Schrading and colleagues (
7) showed that MRI every 1 to 3 years had an initial cancer detection rate of 22.6 cases per 1000 average-risk women after normal results on mammography and ultrasonography, with a similar yield across all breast densities. In that study, the cancer detection rate on incidence screening was 7.5 cases per 1000 women, and 93% of cancer cases identified on MRI were node-negative, with a mean tumor size of 0.8 cm and no interval cancer. For tomosynthesis, increased cancer detection has been shown across all breast densities in the Oslo trial (
8), although follow-up is incomplete. Based on early results from the ASTOUND (Adjunct Screening with Tomosynthesis or Ultrasound in Mammography-Negative Women With Dense Breasts) trial (Houssami N. Personal communication), screening ultrasonography after adjunct tomosynthesis has a supplemental cancer yield similar to that of screening ultrasonography after standard digital mammography.

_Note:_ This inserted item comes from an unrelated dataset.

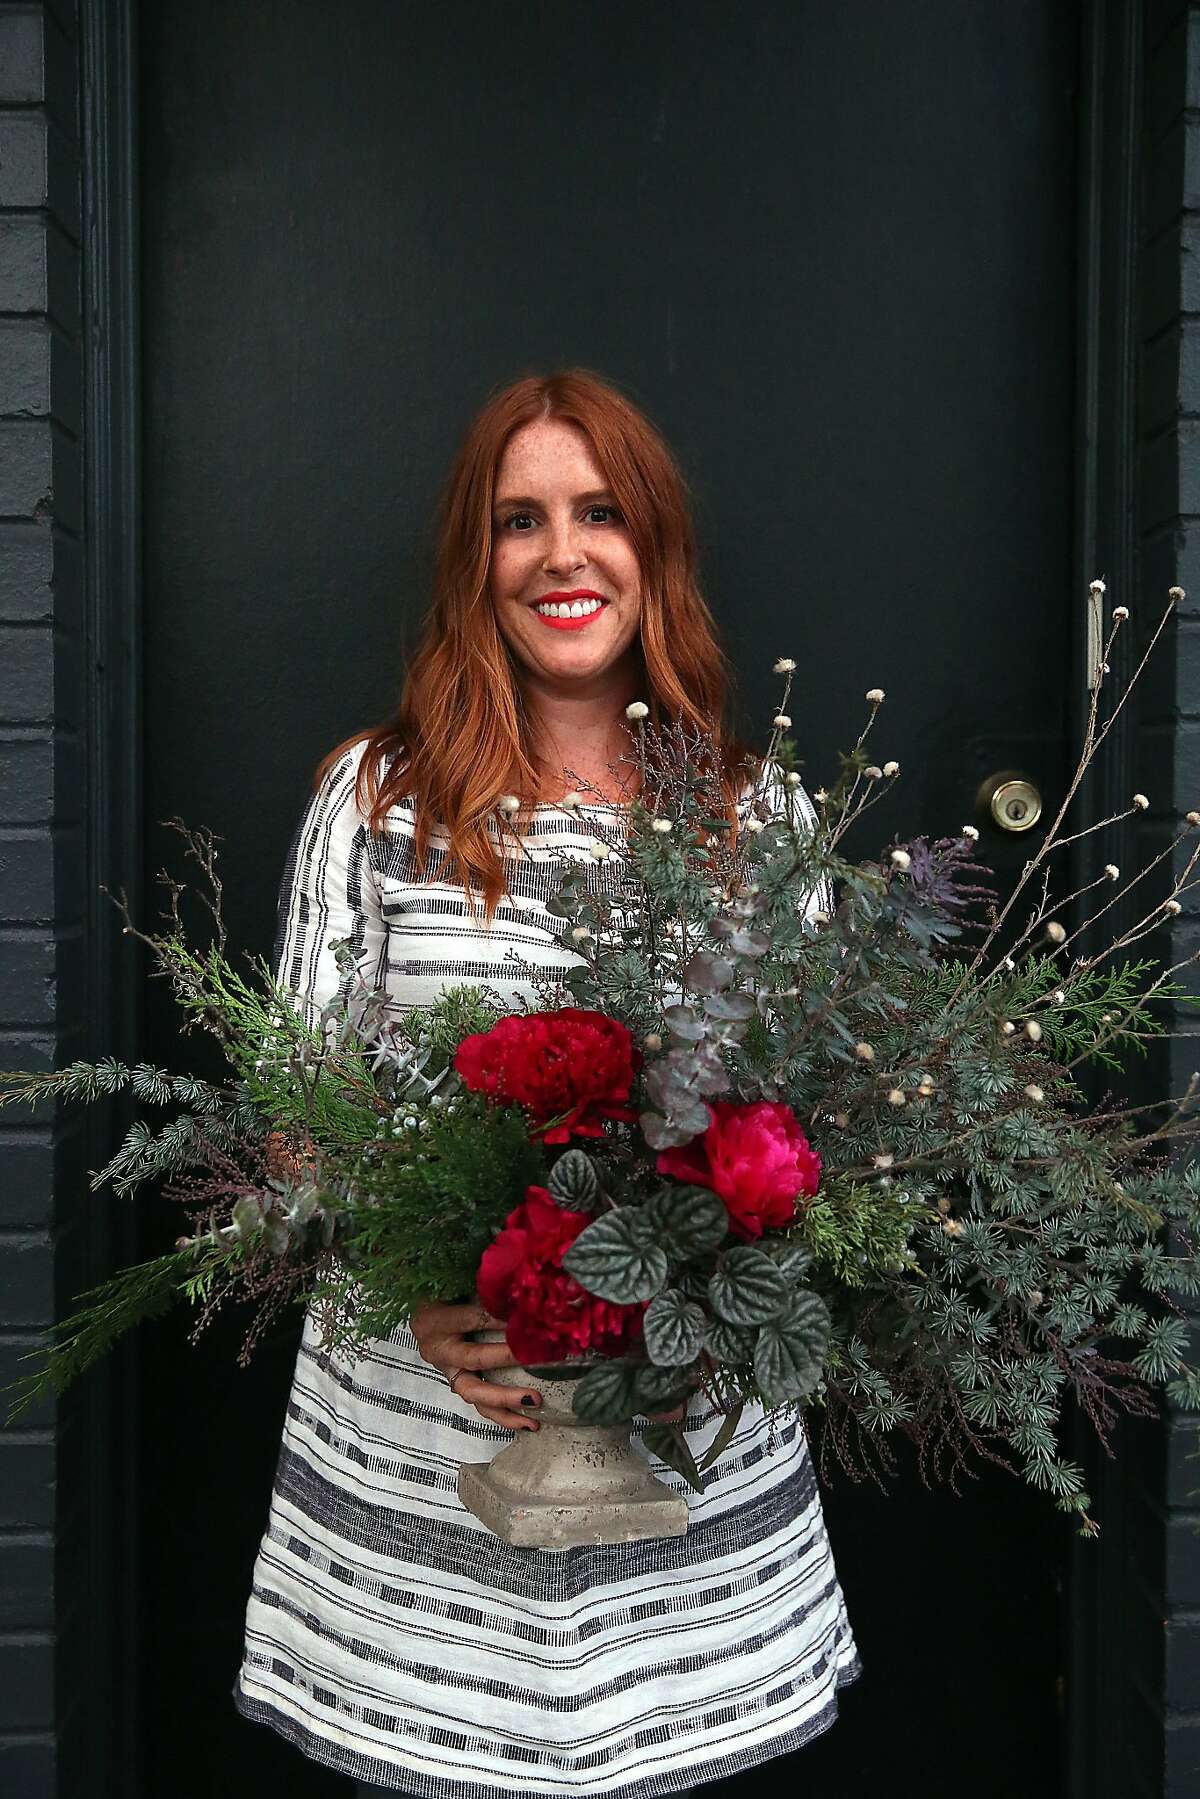 Designer Natalie Brookshire shows one of her arrangements in San Francisco, California, on Friday, December 4, 2015.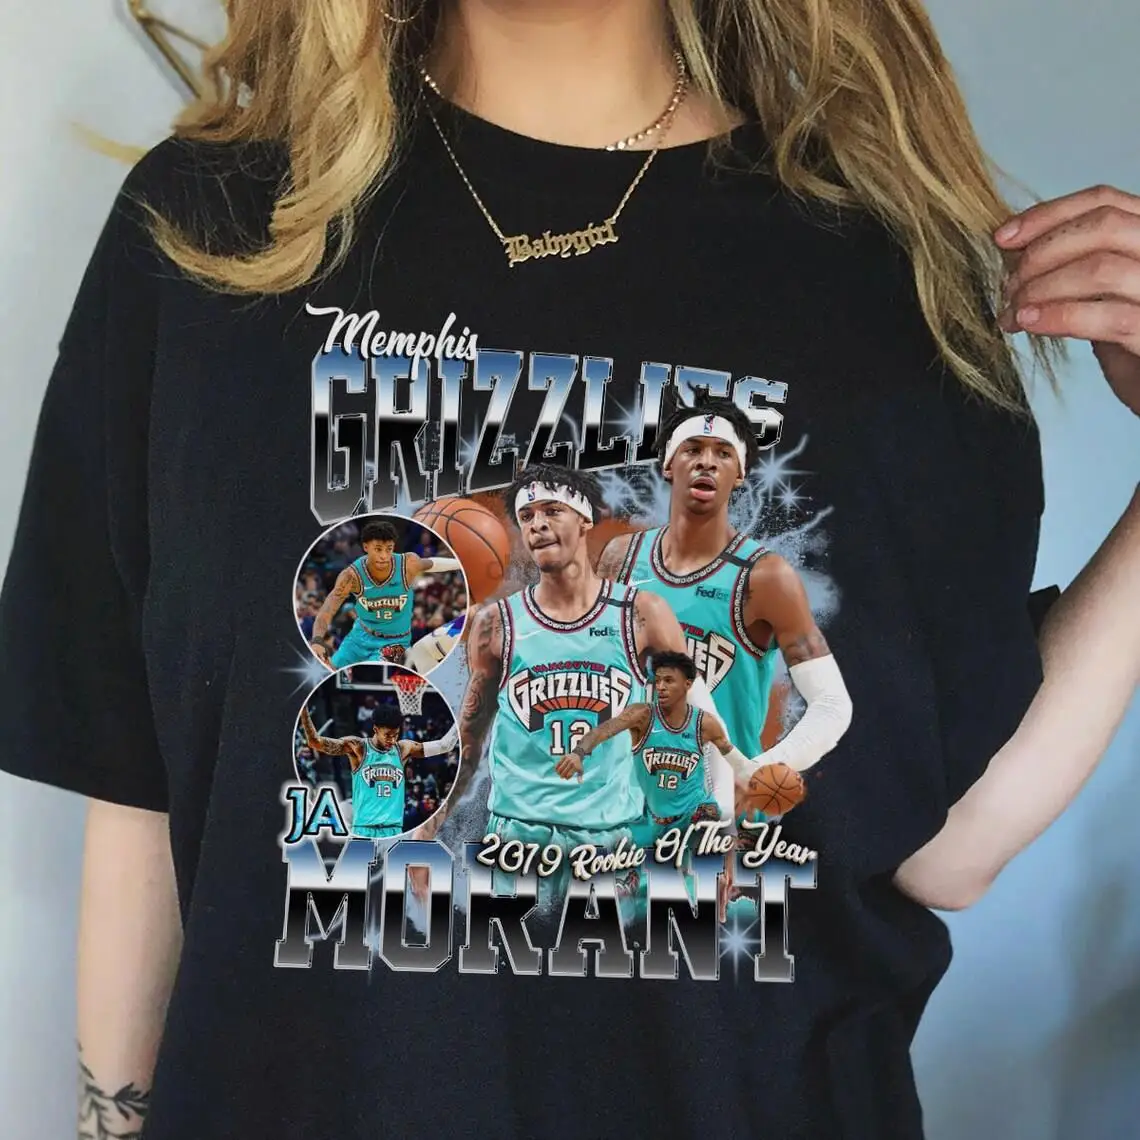 DownSpeak Vintage Wash Ja Morant T-Shirt, Ja Morant Shirt, Morant Shirt, 90s Retro Basketball Player Graphic Tee, Sports Lover Unisex T Shirt

Supplemental screening has proven advantages in women with genetic risk factors for breast cancer. In women with a
BRCA1 or
BRCA2 mutation, surveillance MRI reduced late-stage disease (
9). In women with a
BRCA1 mutation or familial risk, annual MRI resulted in greater metastasis-free survival compared with matched control women (
10).
In summary, although only mammography has been evaluated in studies that examined breast cancer mortality, what we know about the natural history of the disease suggests that supplemental screening is beneficial. Most cancers found with ultrasonography are node-negative invasive cancers, and MRI also detects some ductal carcinoma in situ. Both ultrasonography and MRI have been shown to reduce interval cancer in women with dense breasts; this is a proposed end point in the planned TMIST (Tomosynthesis Mammography Imaging Screening Trial). Magnetic resonance imaging reduces rates of late-stage and metastatic disease. I believe that supplemental screening should be available to interested women with dense breasts, but guidance to help inform the choice to have supplemental screening is sorely needed. Ideally, supplemental imaging should be performed in clinical settings that simultaneously collect data on molecular phenotypes, stage of detected cancer, other breast cancer risk factors, and outcomes of women who pursue supplemental screening. This would allow careful observational analyses comparing their outcomes to those of women with dense breasts who choose not to have supplemental tests.